Build a Fault-Tollerant Terabyte Storage Server for Under $1.98 |
Table of Contents
In late 2003, I read an article off Slashdot called Building A Budget Storage Server/Workstation. The original idea was interesting, though execution was gamer-specific (IE, misguided). They decided that RAID wasn't needed, ATA disks were reliable, and the proper keyboard and video card are essential to a storage server.
At the same time, I had been toying with ripping my 250+ DVD collection to DivX format and creating a media center to view them. That, combined with the 2.9 million various ISO images I seem to have lying around, meant I had a new goal in life: build a large, fault tollerant storage server with a penny pincher budget. The project began in December 2003 and was completed in April 2004.
The topic of this article, summed up in one word, is "RAID". You need RAID. Over the years, the general population has been demanding higher storage capabilities at lower prices. And hard drive manufacturers have been meeting those demands, sacrificing quality in the process. Heck, the warranty on your new hard drive will expire by the time you drive home from Best Buy; how long do you think the drive itself will actually last?
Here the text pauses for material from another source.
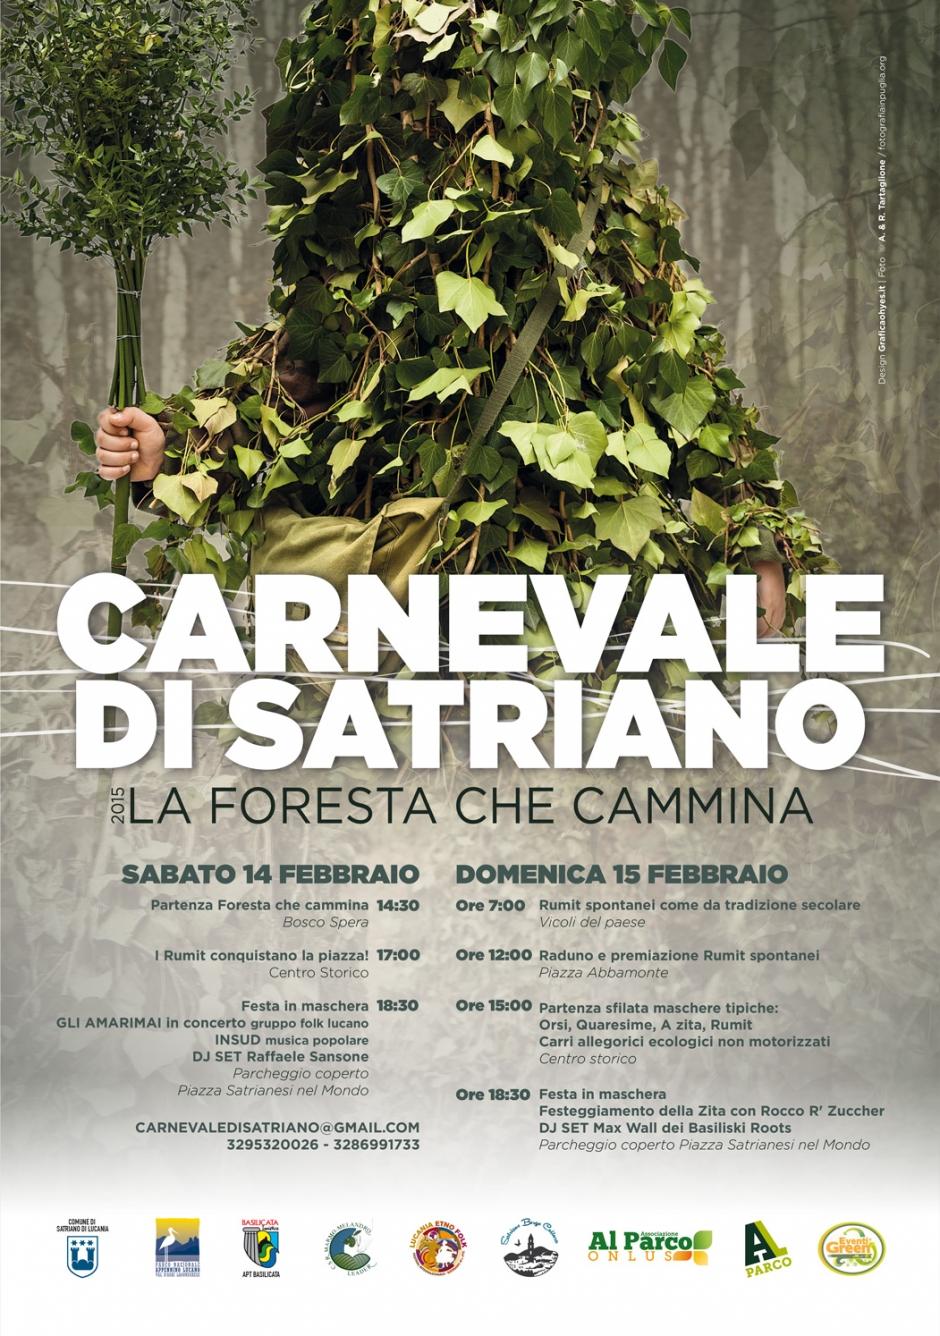 Carnevale di Satriano 2015 b48b52444b6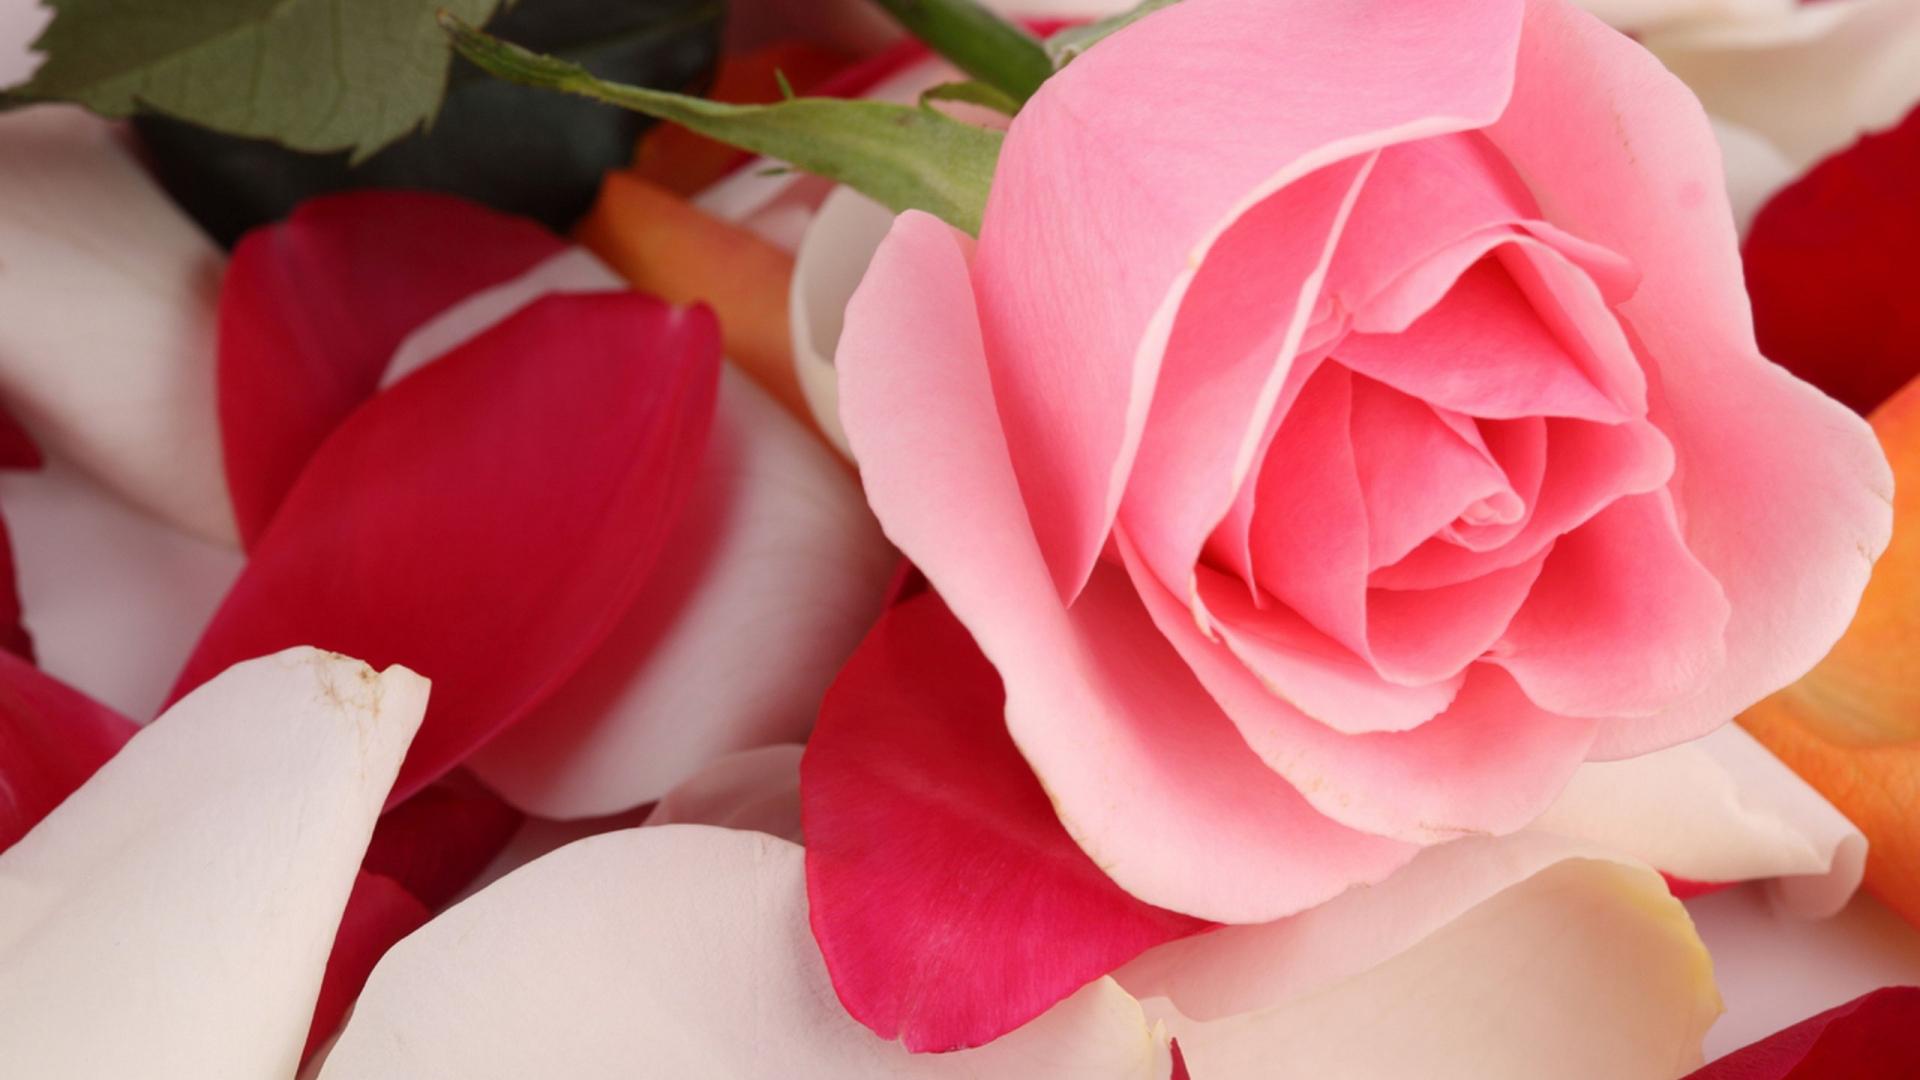 Download 1920x1080 wallpaper beautiful pink rose flower full hd 1920x1080 wallpaper beautiful pink rose flower izmirmasajfo

Note that this article will probably become obsolete relatively soon. Amusingly, while searching for reference material, I found Build a 1.5 Terabyte SAN for less than $35,000. This article describes how to build a 1.2TB SAN for about $1,600.
The Original
Plan or, Let's Fry Our PCI Bus! |
I had built several budget servers in the past that used software RAID1 for fault tollerance. The concept is easy: Take 2 equal ATA or SATA drives, throw them in a box, partition each drive equally with the fd (Linux raid autodetect) partition flag, create a raidtab file in Linux with the right RAID1 magic, type mkraid /dev/md0, and you have a fault tollerant partition called /dev/md0. Easy setup, acceptable performance, low price tag. So why not extend the idea? Take 6 200GB hard drives, span them across 3 consumer PCI ATA cards, and do RAID5 between them. Easy 1.0TB, right?
Wrong. Turns out the PCI bus cannot handle the amount of traffic that software RAID5 was using when doing initial reconstruction. I could see the drives, I set up my raidtab file, but about 5 minutes after I ran mkraid on the array, I would start getting DMA timeouts across all ATA channels.
The Alternatives or, What Alternatives? |
It was pretty clear at that point that software RAID by itself would not be sufficient for setting up a terabyte array. A pure hardware RAID controller would be needed, and one with at least 6 channels. The only controller I could find that would suit me was the 3ware Escalade 7506-8, but that has a hefty $400 price tag. Also, 3ware cards are pretty picky about hardware compatiblity, so I wasn't even sure it would work with my existing motherboard. So the storage server remained in storage, uncompleted.
In April 2004, I was walking around Fry's and found the HighPoint RocketRAID 454. It looked like a normal 4-port ATA RAID controller, but with one difference: it boasted the fact that you could do RAID across 2 devices per channel. Normally this would be a stupid feature. Under normal circumstances, NEVER connect 2 drives to one channel if you intend to do RAID. Why? There is just as good of a chance that the channel itself dies than a single drive failing. Say you have 4 hard drives across 2 channels and want to do RAID5. RAID5 uses only one set of parity, so if you lose a channel, you lose 2 drives, which leaves you with a relatively expensive paperweight rather than a functioning array.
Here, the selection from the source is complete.